In our case, we can share the gospel with our neighbors and hope that they will voluntarily reject same-sex unions in spite of their legality.
It may be argued that there should not be government compulsion involved in the case of same-sex marriages.

The case might be comparable to how God hates divorce, but still permits it because of people’s hardness of heart. He allows the dissolution of a legitimate union, and perhaps we could allow as a society the formation of an illegitimate union. If God was willing to allow divorce for apparently pragmatic concerns, perhaps we could do something similar for our unbelieving neighbors.

We tried to prohibit the manufacture, sale, and use of alcohol, but that excessive regulation led to more harm than good. We now permit and regulate alcoholic beverages, but we encourage moderation and punish drunk drivers.

If we try to prohibit same-sex unions we may encounter the same problems as we did with Prohibition, so perhaps we should permit them for now and simply share the gospel with our neighbors and hope the Spirit changes the desires of their hearts so they reject the union on their own.

There should be government compulsion, however, in cases of abortion because we are talking about physical threats to the very lives of unborn children. Pro-choicers say, even if abortion is wrong, we should let mothers decide to reject that option on their own. But precisely because abortion represents such a large threat to the life of an unborn child, the government should get involved just as much as it already does in protecting its citizens from murder.

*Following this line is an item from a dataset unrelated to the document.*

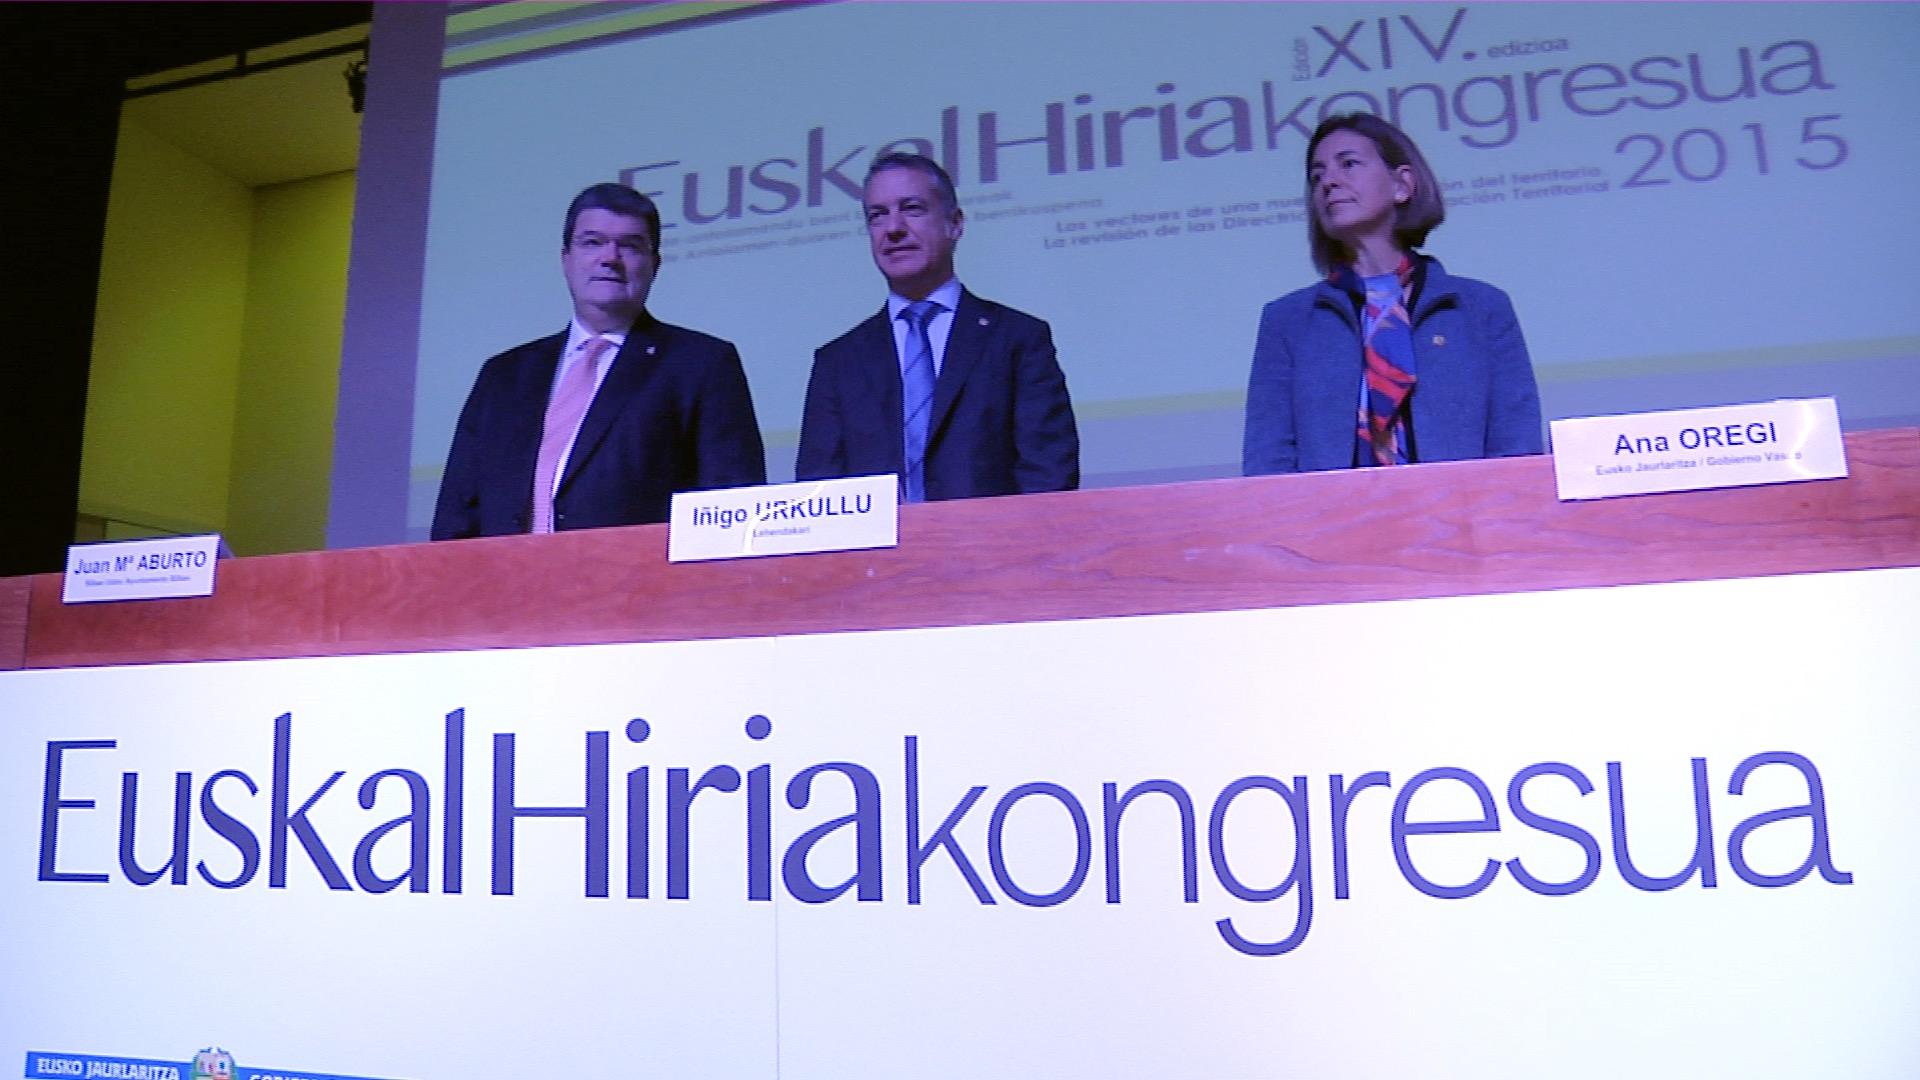 """El lehendakari propone la transformación de Euskadi en un territorio """"inteligente, sostenible, social e integrador, interrelacionado y participativo"""""""
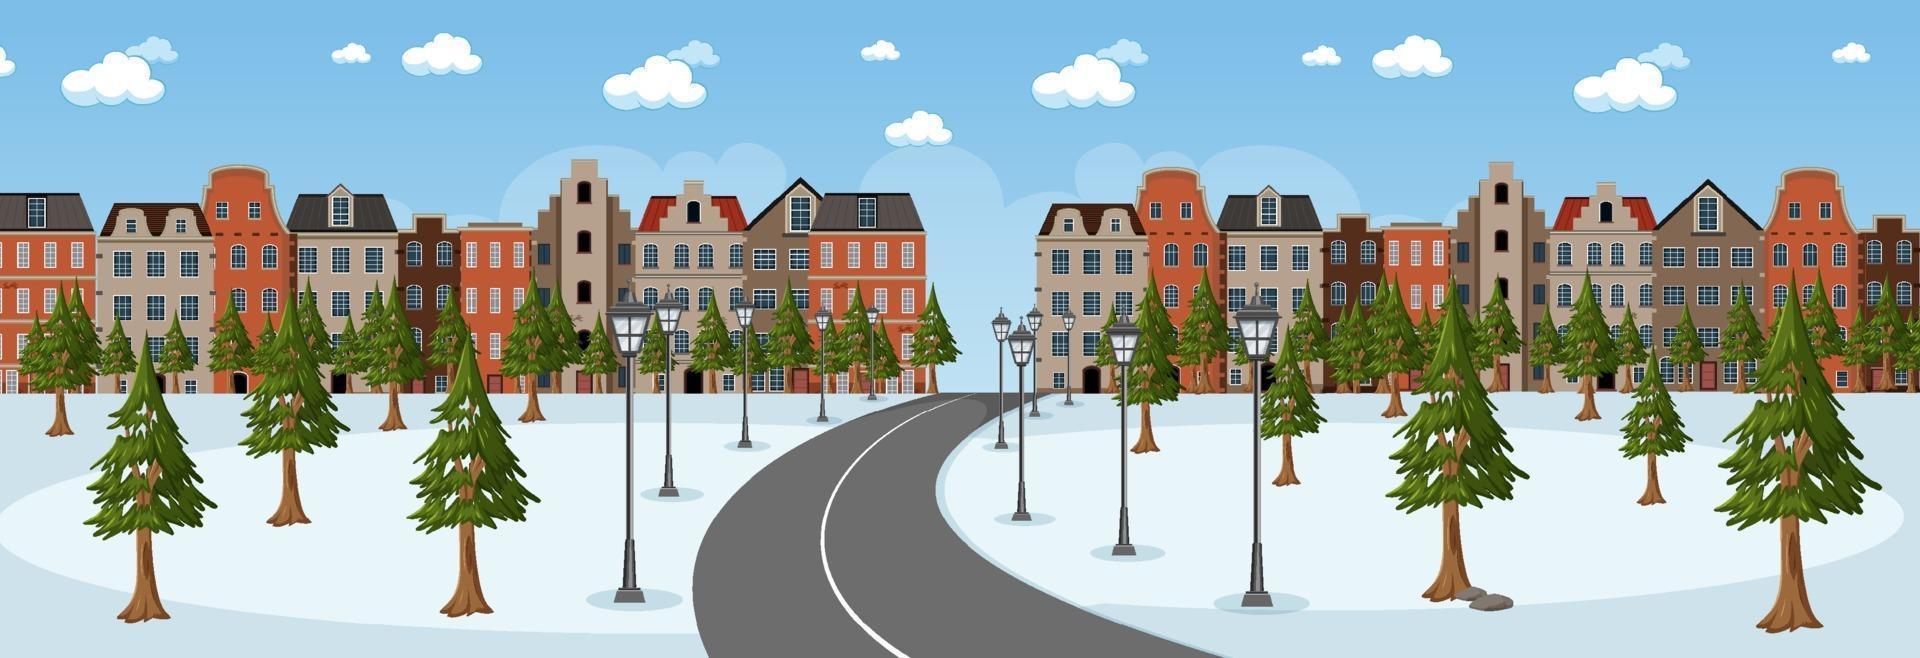 scena orizzontale durante il giorno con una lunga strada attraverso lo snow park in città vettore

Below are my concluding thoughts:
-All sins deserve the death penalty from God
-God provided Jesus as a means for people to escape the due penalty of their sins and find forgiveness and eternal life in Him.
-Some sins, especially those that are life-threatening are punishable by the State, but some others, such as those of sexual natures, are not.
-In Paul’s day, we could see that all crimes are sins, but not all sins are crimes as in the case of idolatry for example.
-For Christians then, we should strive to make laws that protect and promote the safety, physical well-being, and life of our neighbors as we do for murder, abortion, slavery, segregation, and gun violence.
-In cases where life or quality of life is not as threatened such as availability of alcohol, contraceptives, and same-sex unions, we could make a pragmatic compromise and create laws that permit and/or regulate these in the interest of living peacefully with our unbelieving neighbors even as we seek their eternal well-being through the gospel.